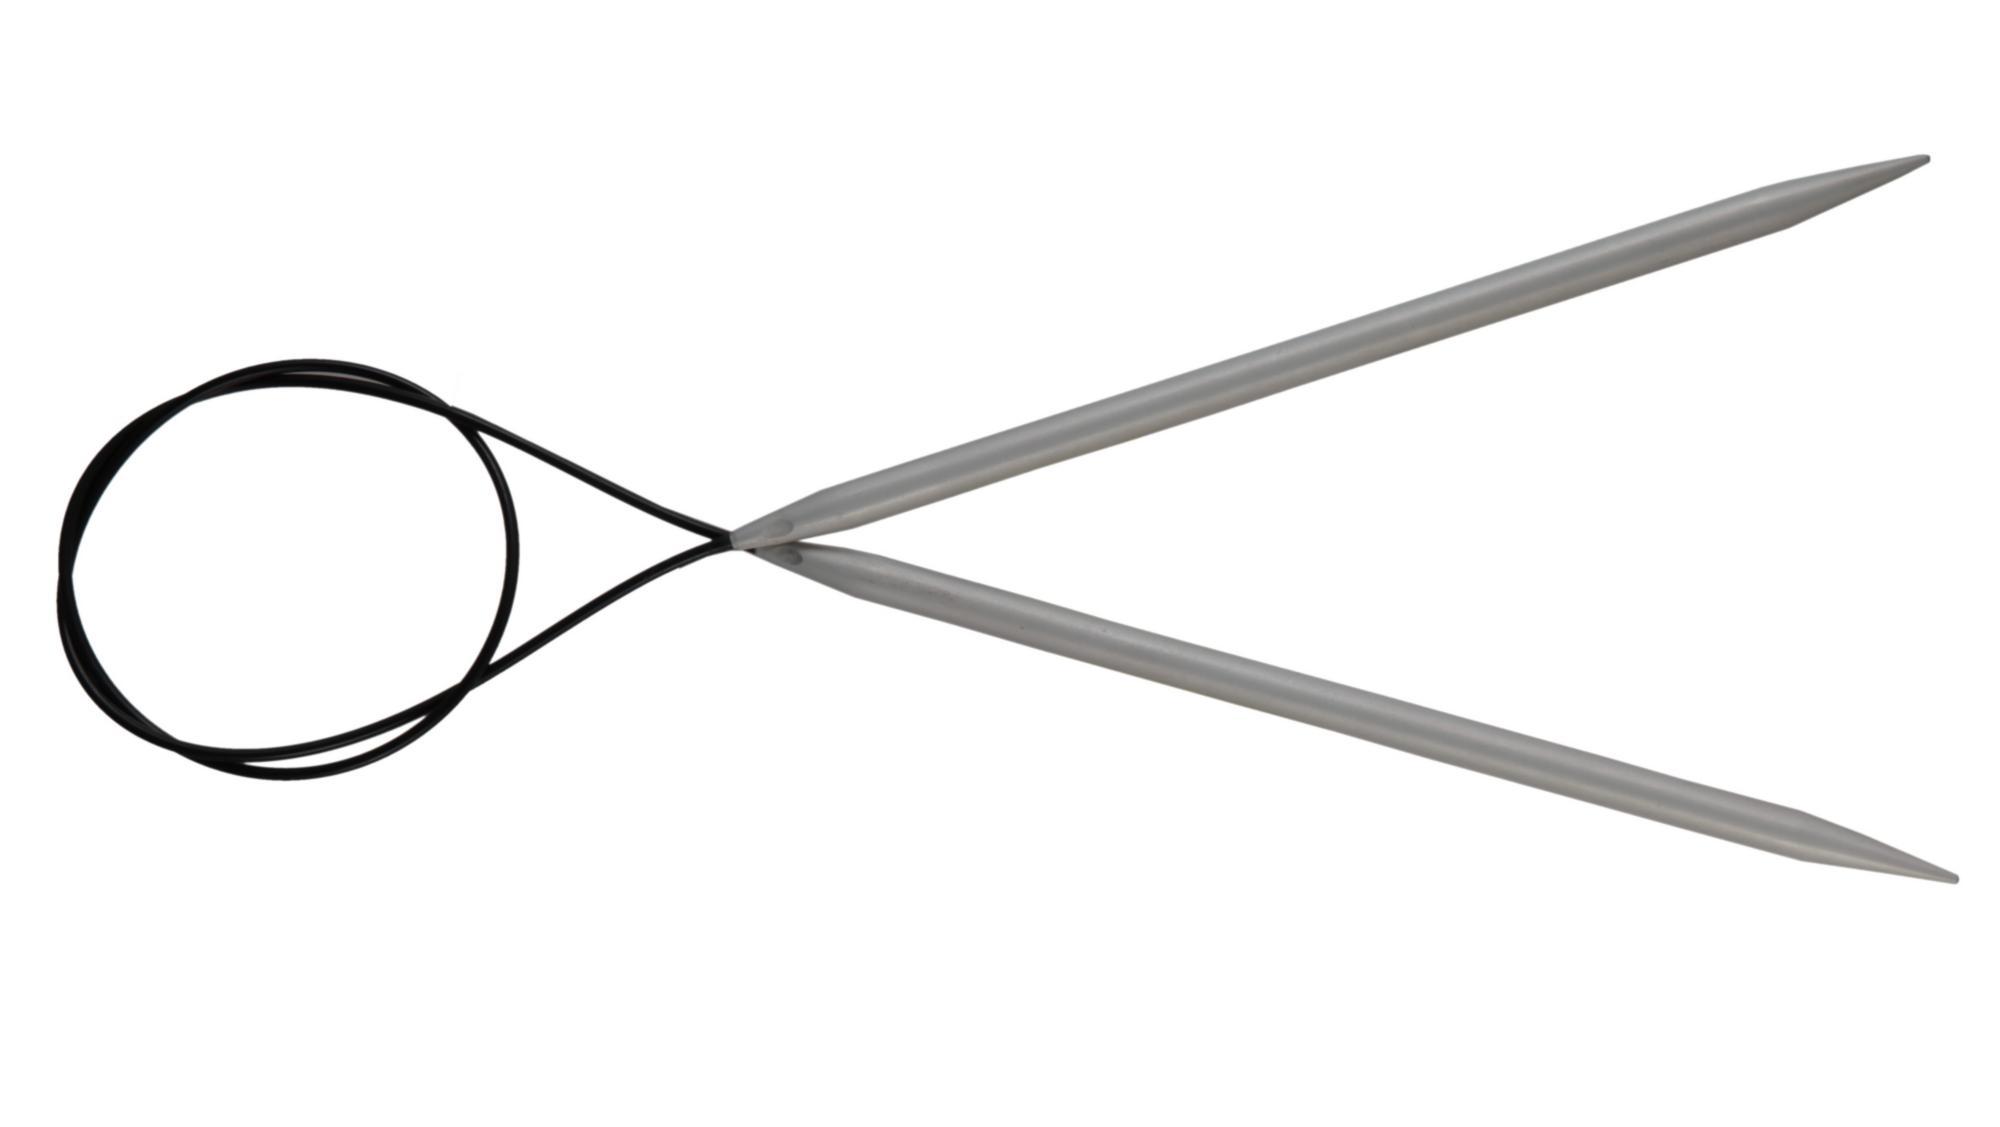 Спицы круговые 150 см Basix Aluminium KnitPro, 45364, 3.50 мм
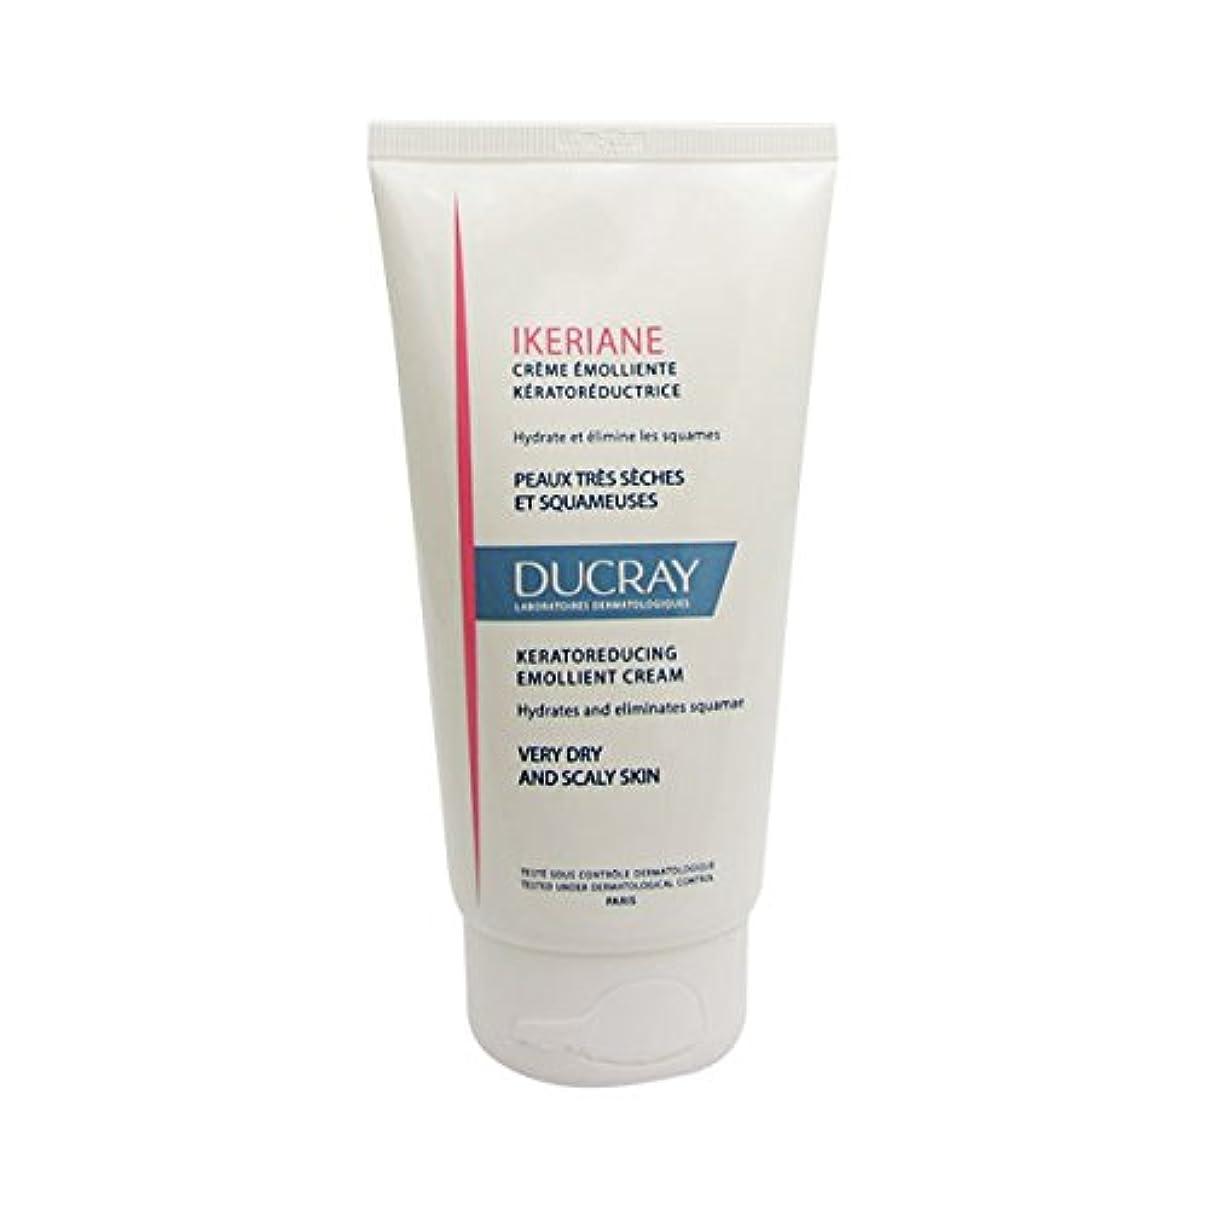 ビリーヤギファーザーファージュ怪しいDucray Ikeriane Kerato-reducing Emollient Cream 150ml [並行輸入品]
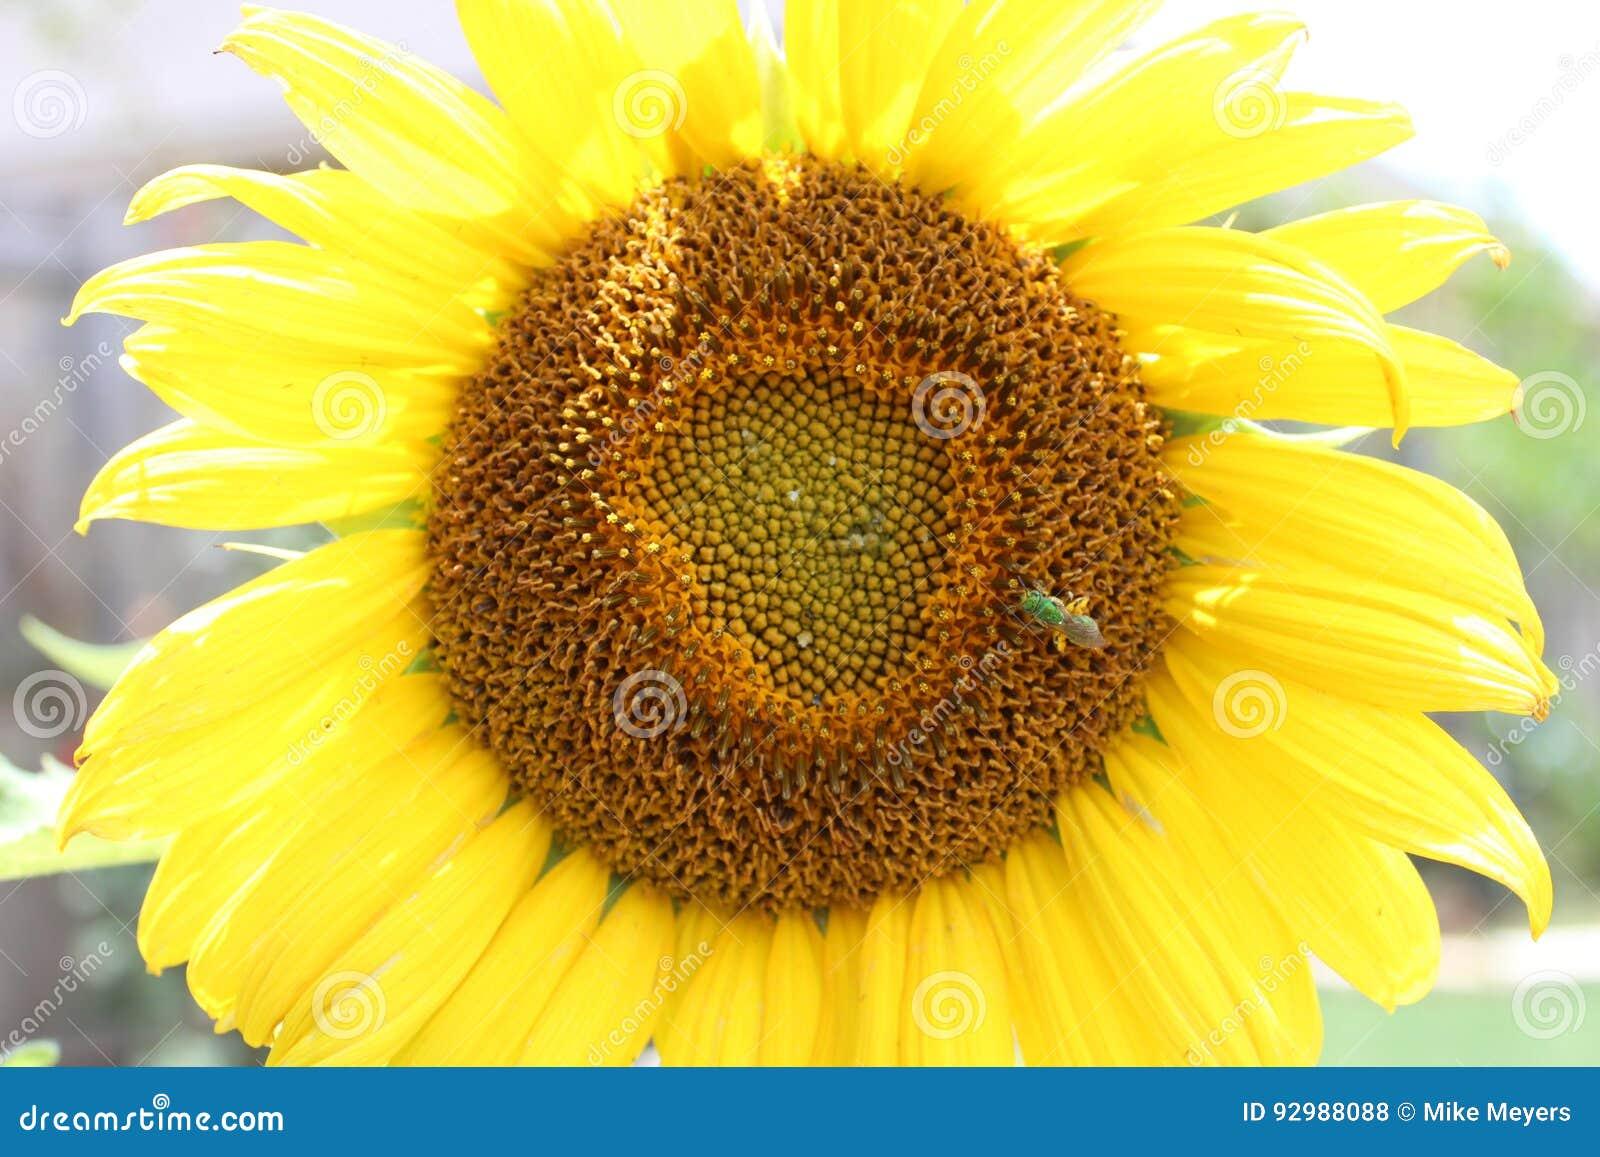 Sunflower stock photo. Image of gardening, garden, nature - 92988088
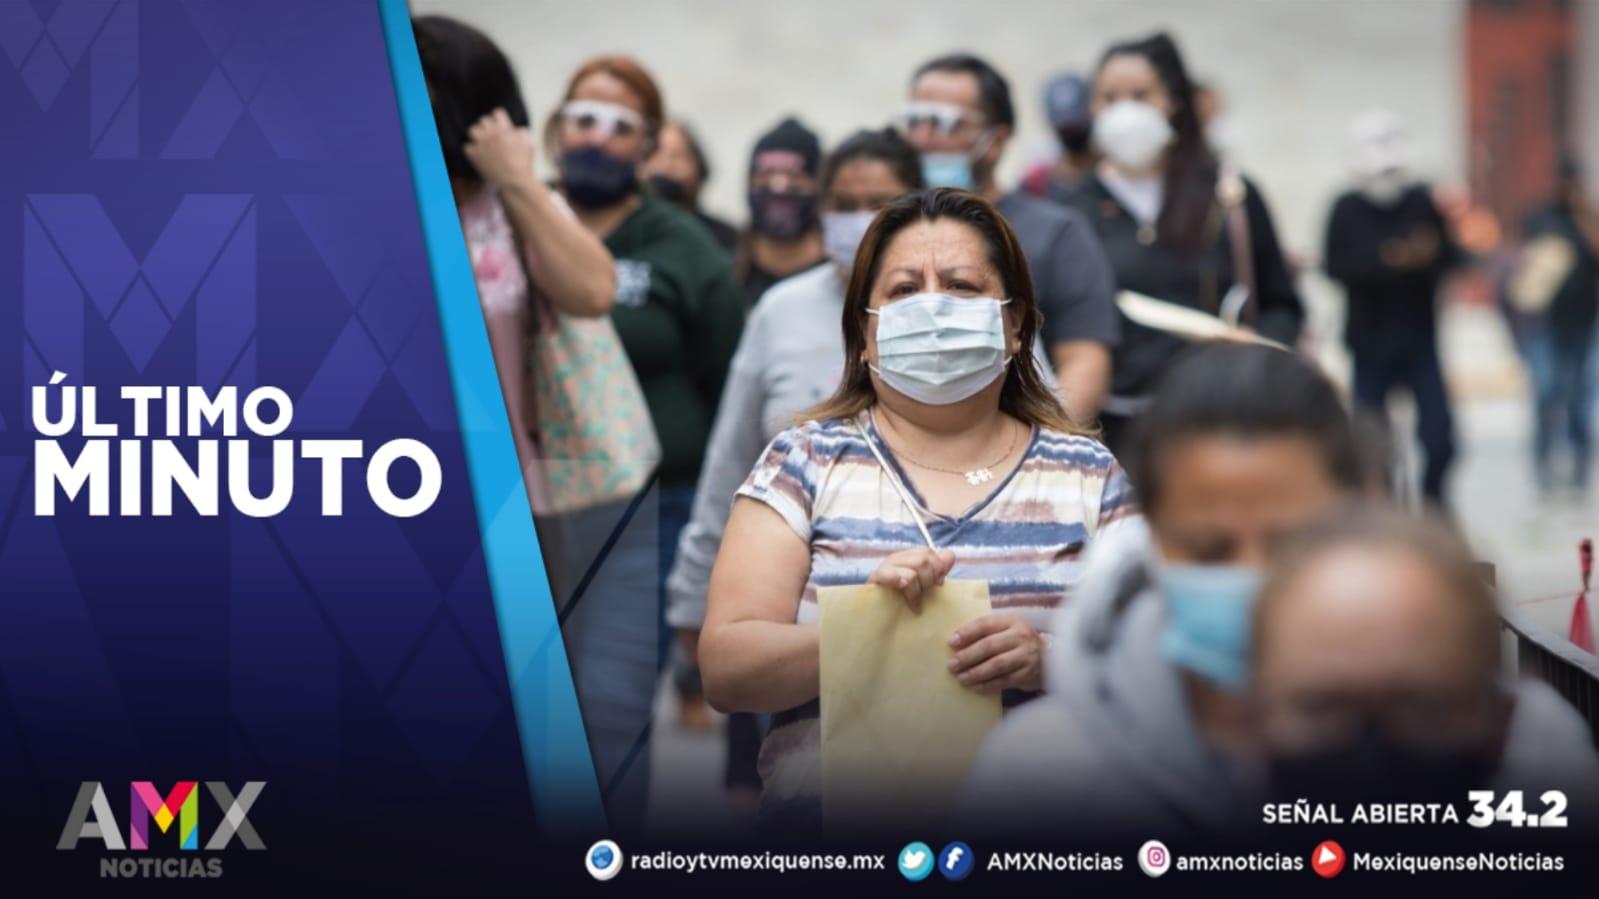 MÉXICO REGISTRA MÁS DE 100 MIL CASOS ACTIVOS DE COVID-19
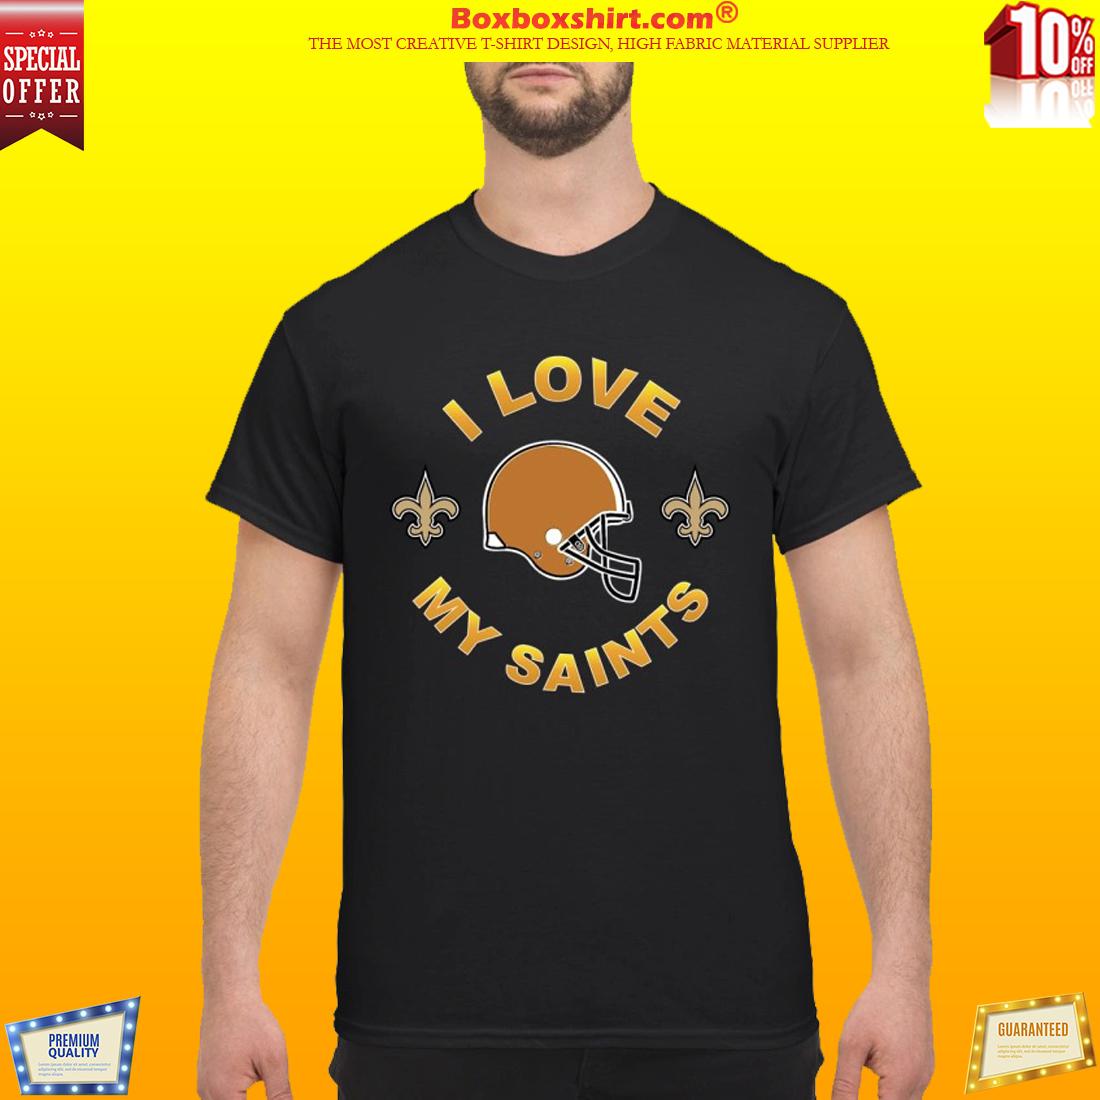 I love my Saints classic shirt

**********

Task details
Please copy the lines above, starting at the one that holds "ビリーヤギファーザーファージュ怪しいDucray Ikeriane Kerato-reducing" and stopping after the last line, exactly as they appear and minus the pictures.

Exercise output
 ビリーヤギファーザーファージュ怪しいDucray Ikeriane Kerato-reducing Emollient Cream 150ml [並行輸入品]
 Sunflower stock photo. Image of gardening, garden, nature - 92988088
 MÉXICO REGISTRA MÁS DE 100 MIL CASOS ACTIVOS DE COVID-19
 I love my Saints classic shirt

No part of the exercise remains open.